How did I come to observe what I did? Because it was part of the contract I had with my researching self? However, this contract involved selection based on the naiveté of my understanding. And, therefore, the denial of other classroom activities. It was as if the particular focus of observation had been forced upon me. No subtle, informed and experienced Sherlock Holmes, here, such as is found in the following dialogue from Silver Blaze by Conan Doyle and quoted by Zizek (1991).
‘Is there any point to which you wish to draw my attention?’
‘To the curious incident of the dog in the night.’
‘The dog did nothing in the night.’
‘That was the curious incident,’ remarked Holmes.
Notions of observing the absence of something never even occurred to me at this time! Indeed, my interest in absence came a few years later, once I began to read Barthes, Foucault, Eco, Derrida and Lacan.
If it was complex concepts I was after, why didn’t I home in on the teacher’s introduction of ‘nihilism’, rather than being magnetized by the cloning girls next to me? Was it an unconscious heuristic leap back to adolescence, when such girls were on the other side of the classroom, remote and mysterious? Was I exploring the hidden curriculum? Was I case-studying two learners as they were being taught—now known as ‘pupil-pursuit? Was I making conscious selection of observational subjects or was the whole process prejudiced by unknown, unconscious Freudian drives?

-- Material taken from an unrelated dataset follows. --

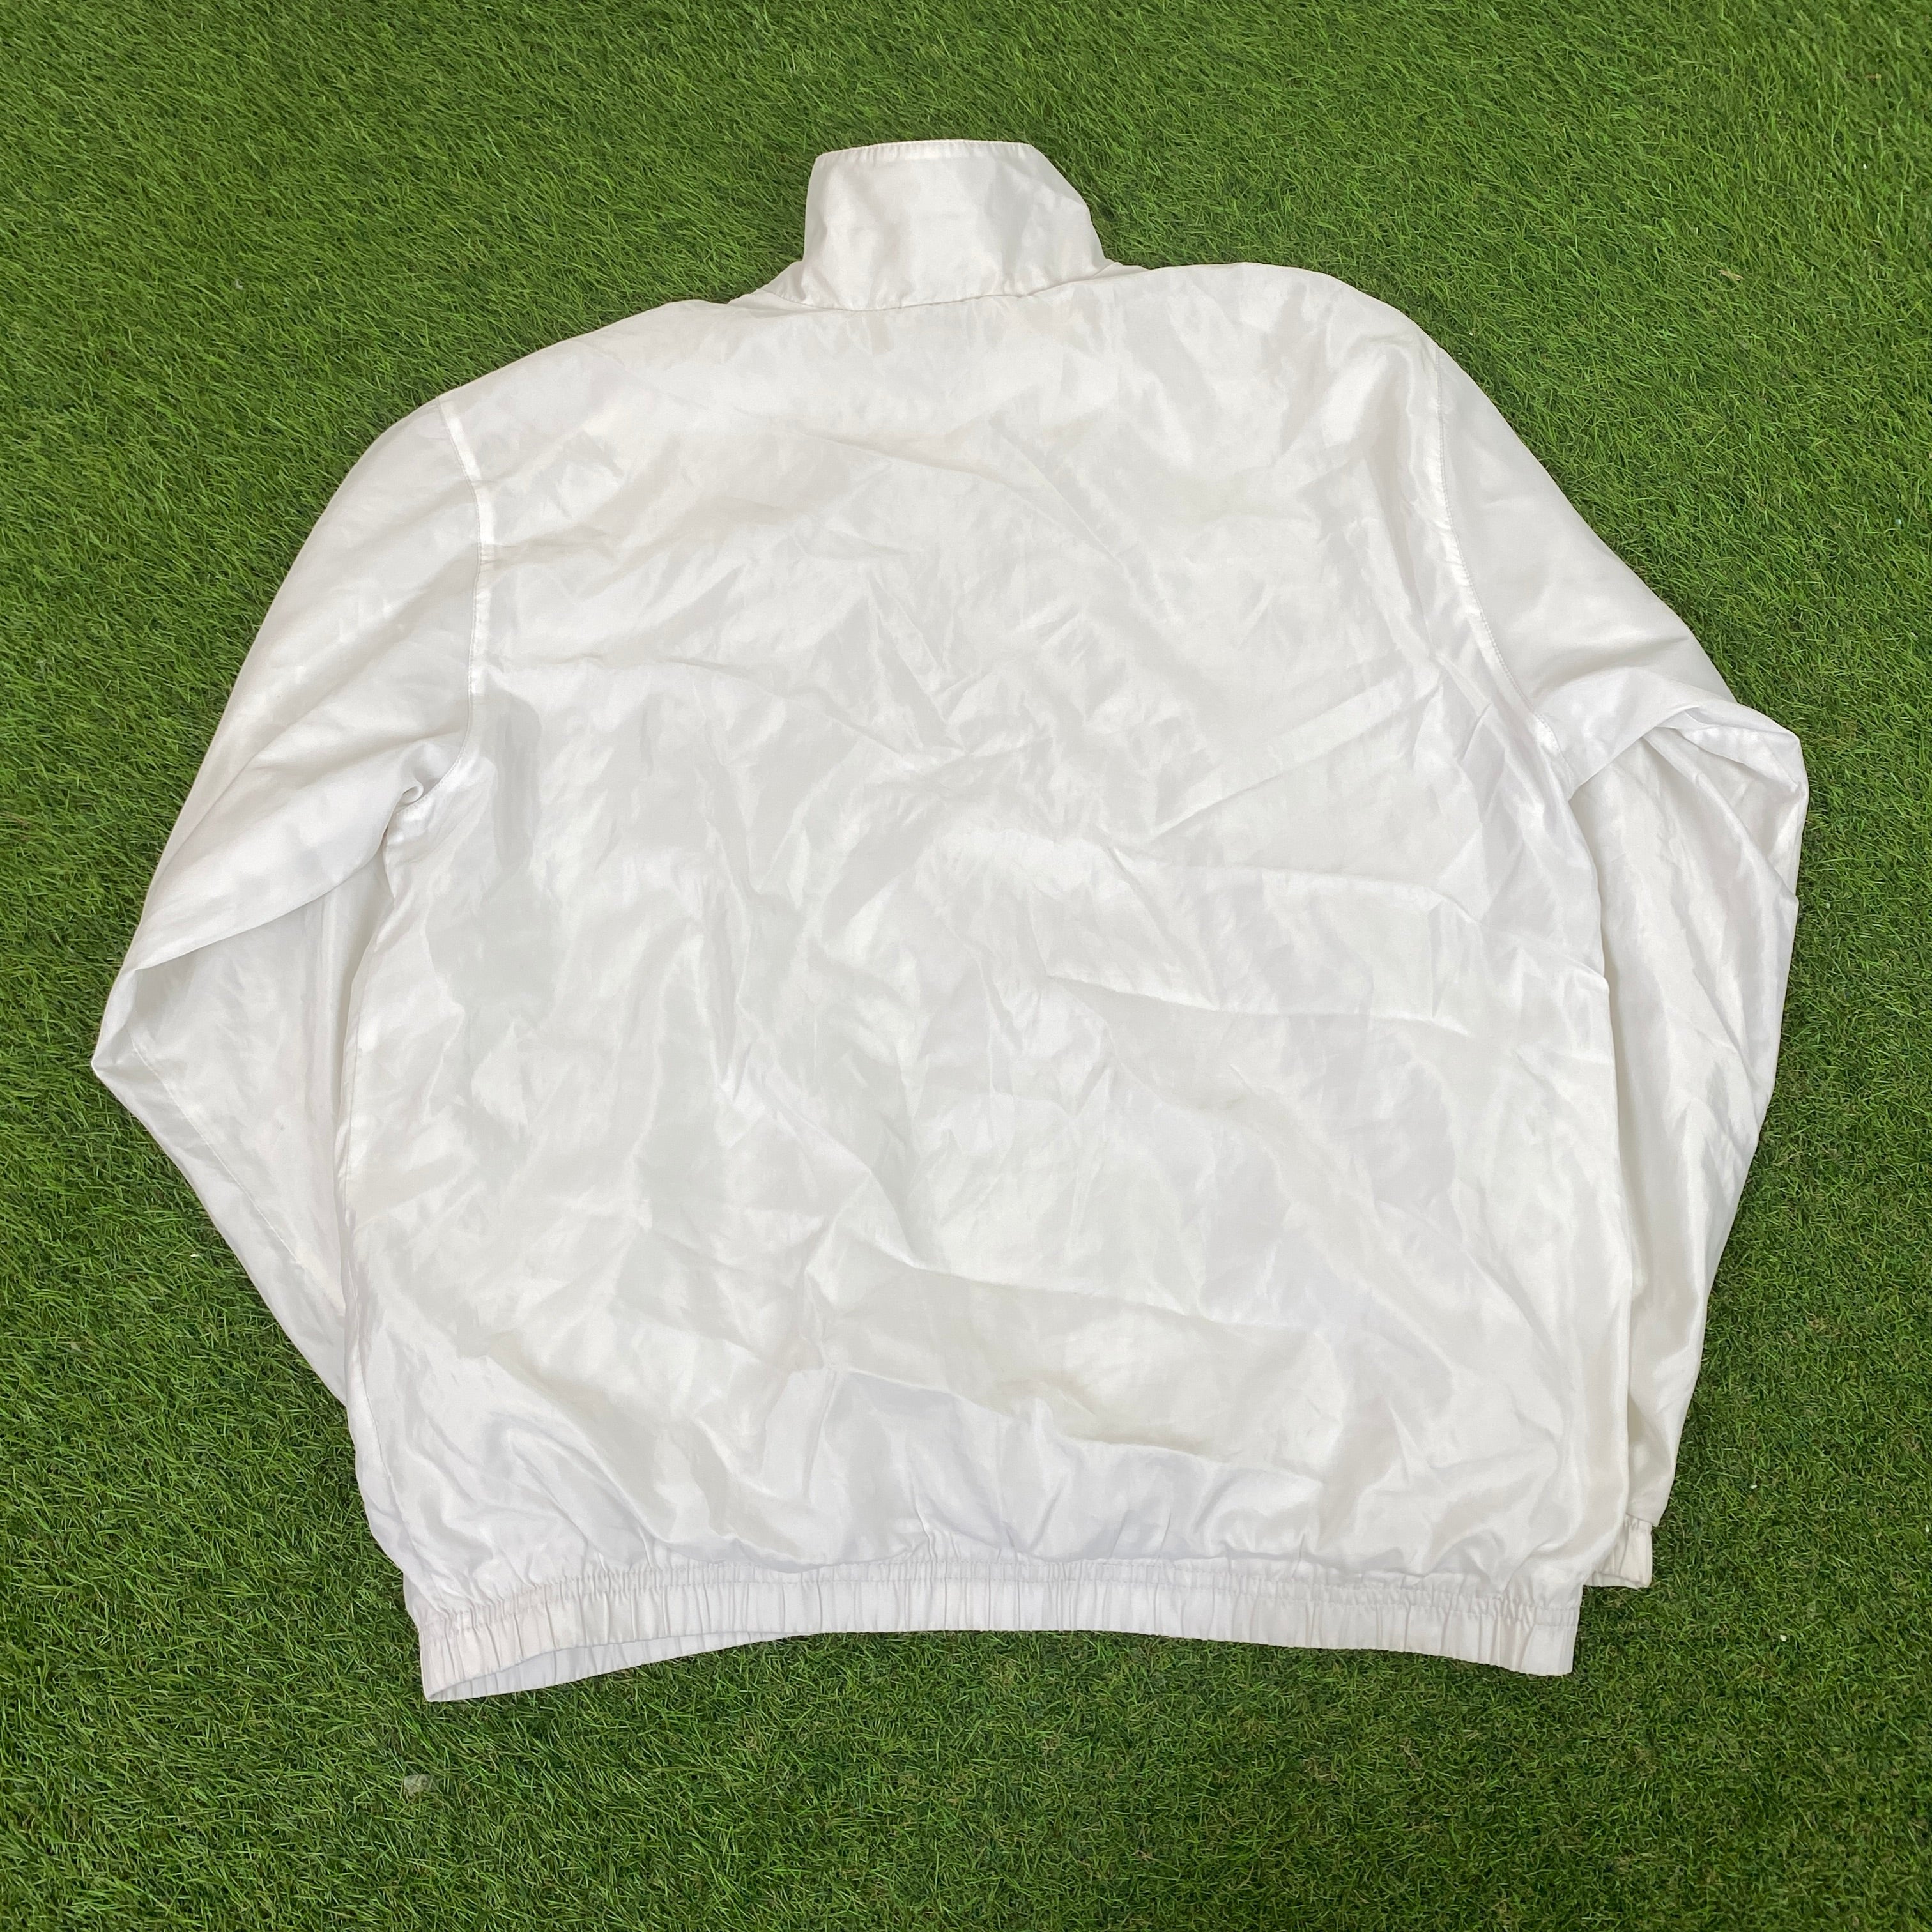 90s Nike Piping Jacket + Joggers Set White Medium

Doing observation for professional purposes is not as easy as it at first appears. Far from being a first line of defence in the search for objectivity, it can be a leaky, permeable membrane. One which allows as much to issue from the observer as hits her wall of consciousness from the outside with that satisfying but deceptive thump of factuality. The key motif in much art and philosophy, not to mention psychology, is that of the observer seeking and discovering aspects of the self in the Other. By the Other, I mean that which is outside, novel, strange or unknown. An image which sums it up is Escher’s drawing of an eye staring back at the viewer (Eye, Mezzotint, 1946), in whose pupil is the reflection of the viewer, only the image is that of a skull. I, the observer, searching for fundamental truths about the nature of existence and my own mortality.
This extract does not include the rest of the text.